Guruh ada usaha membawa keaslian. Bagi saya nilainya sudah
tinggi dilihat dari sudut musik pop dan kemampuan anak muda
sekarang. Dibanding Harry Rusli, yah, Harry Rusli kwalitasnya
baik, tapi potongannya membingungkan saya.
JOCKIE SURYOPRAYOGO
(25 tahun, penulis lagu Juwita)
Saya tidak meniru Guruh. Kita masing-masing punya warna sendiri.
Guruh condong menggunakan tone pentatonis seperti yang terdapat
dalam musik Jawa dan Bali, saya pada tone yang manis dan lembut.
Kalau nggak salah Idris Sardi dulu pernah mencampur gamelan
dengan musik Barat, tapi tak dilanjutkan.

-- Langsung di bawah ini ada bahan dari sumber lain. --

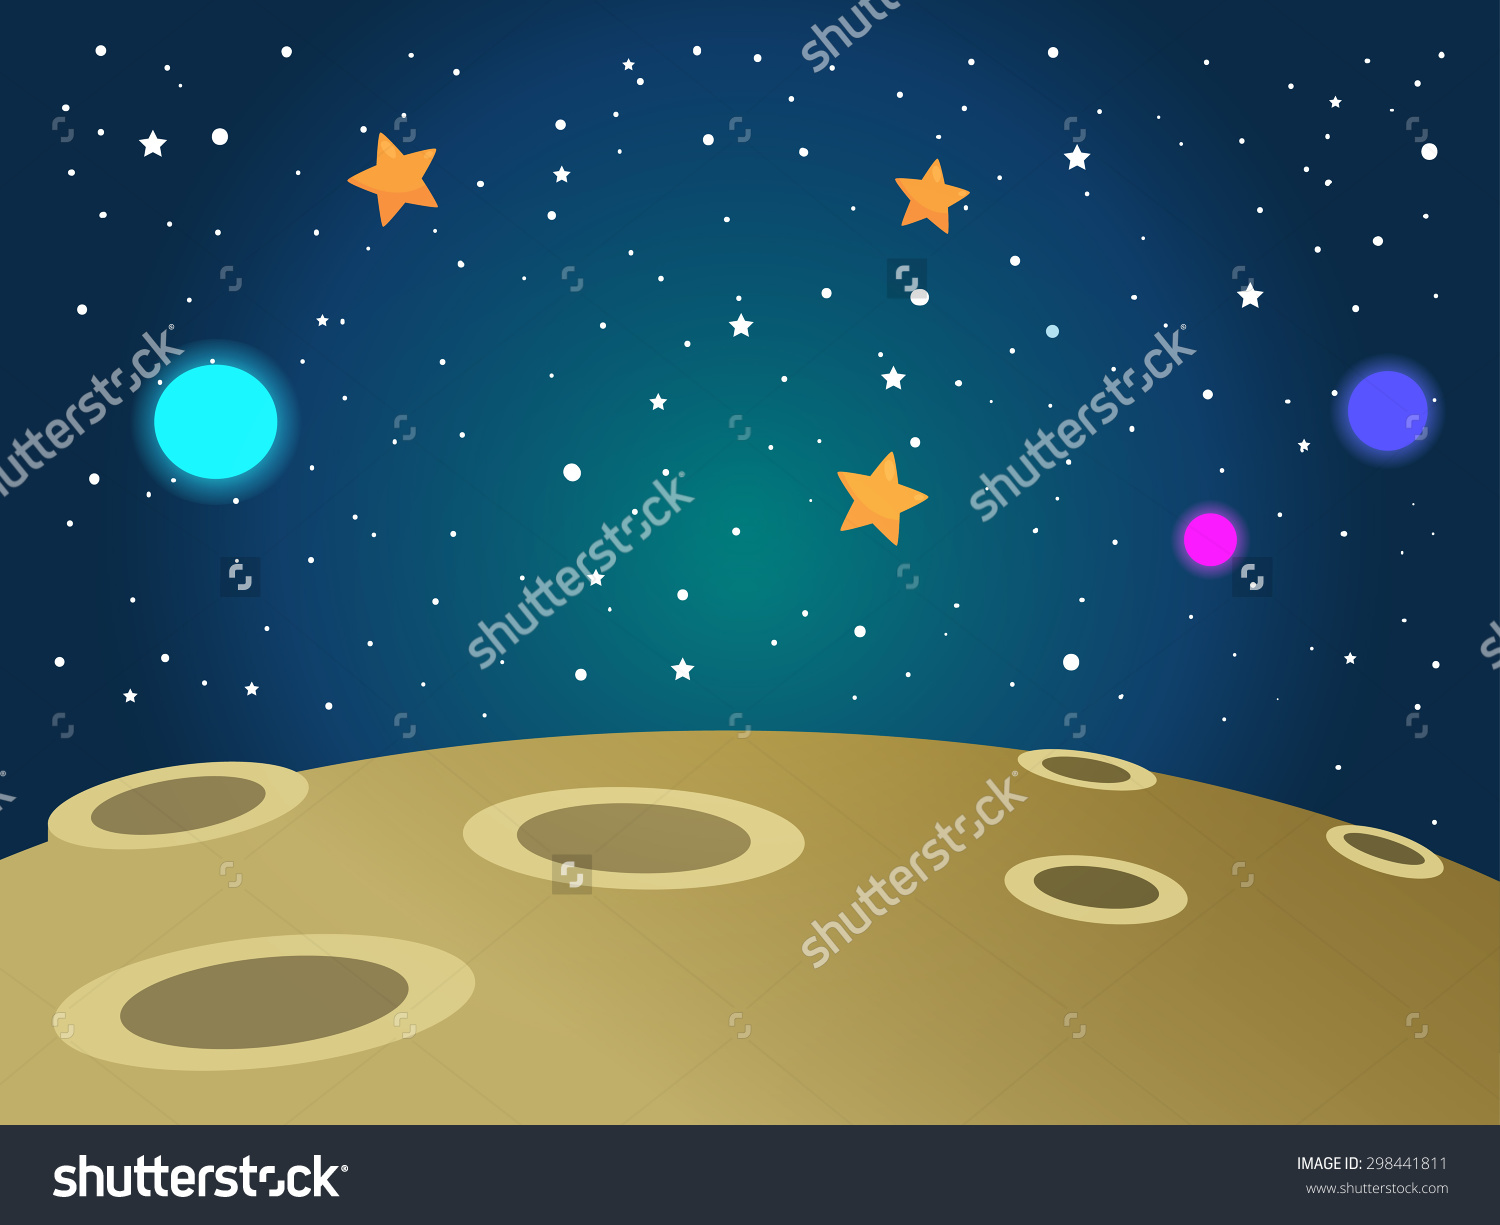 Background clipart outer space, Background outer space

Yang saya hargai pada Guruh adalah spontanitasnya. Kalau kita
masih berpikir-pikir tentang sesuatu ide, dia sudah lantas
mencoba. Musik Guruh kuat pada liriknya. Selama ini dalam
mencipta, Guruh dibantu Ronny dan Junaedi dalam aransemen. Kalau
misalnya Gumh bisa menciptakan semuanya sendiri akan lebih baik.
Guruh tanpa teman-temannya yang lain akan pincang.